Последний соловей России

Минуло много лет после нашего знакомства в страшном 1993 году. Как все поэты Золотцев пел и о любви. Но в те горячие дни эта сторона его творчества меня интересовала меньше. Меня захватывал пафос судьбоносного времени в его огненных стихах. Мы были созвучны. Мои картины кричали о том же.
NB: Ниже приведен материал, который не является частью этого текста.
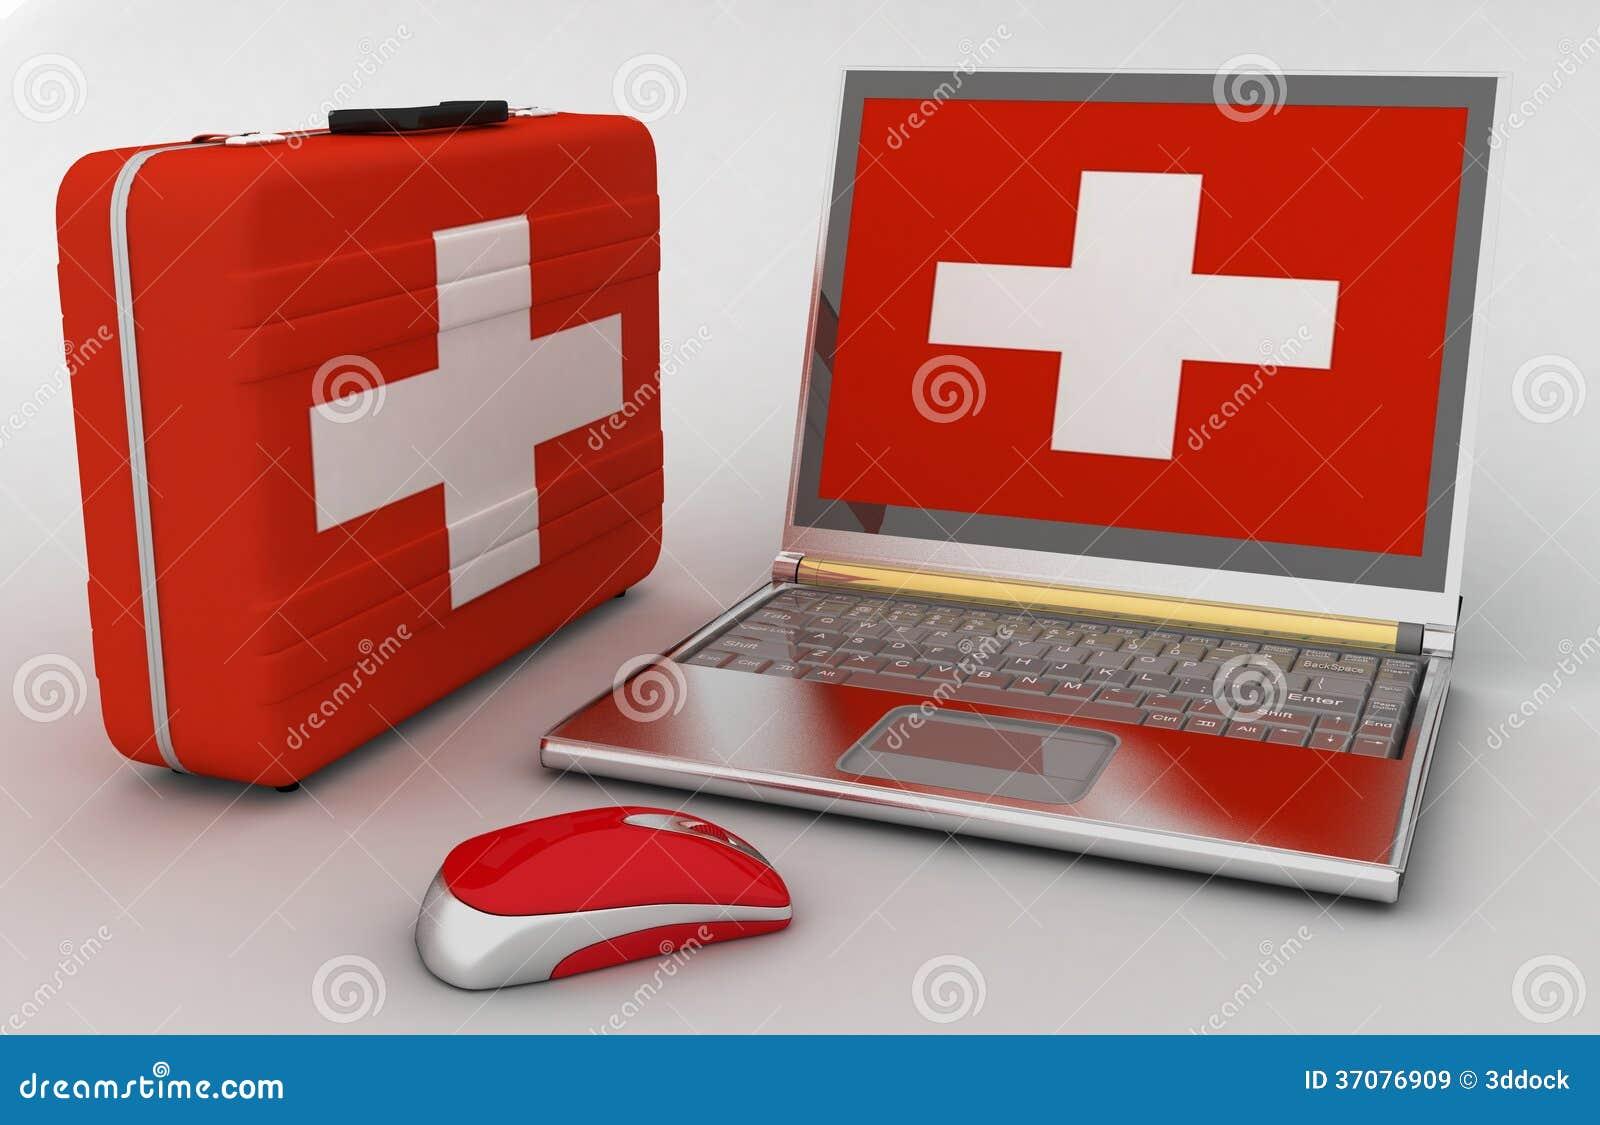 Download Pojęcie Diagnoza I Naprawa Komputer Ilustracji - Ilustracja złożonej z mobile, metal: 37076909

Летом того года я пригласил поэта на свою выставку в Верховном Совете и сразу же в Совет деятелей культуры, идея которого встретила тогда отклик у главы парламента России Хасбулатова. Как и меня, Золотцева влекло в эпицентр сопротивления ельцинскому режиму. Но в создаваемом нами Совете деятелей культуры мы поработать толком не успели, хотя планов было много. Проамериканский режим ельцинского ворья ломал последнее сопротивление разгромленной державы. 21 сентября начался ельцинский переворот и двухнедельная осада парламента России. Затем его расстрел и штурм. В те трагические дни, когда решалась судьба огромной страны, поэт был вместе с нами. Тогда в жизни поэта были незабываемые мгновения: его стихи гремели над бурлящей площадью перед Белым домом. Его слова молниями падали в людское море и взрывом оваций раскатывались в воздухе. Его стихи становились песней и стоном народа:

«Возродись империя моя

Русская великая держава!»

Вооруженное противостояние ворью, захватившему власть и распродающему страну, – это праздник. Все остальное – будни. Этот праздник у нас был. Все мы вышли из пламени горящего Дома Советов.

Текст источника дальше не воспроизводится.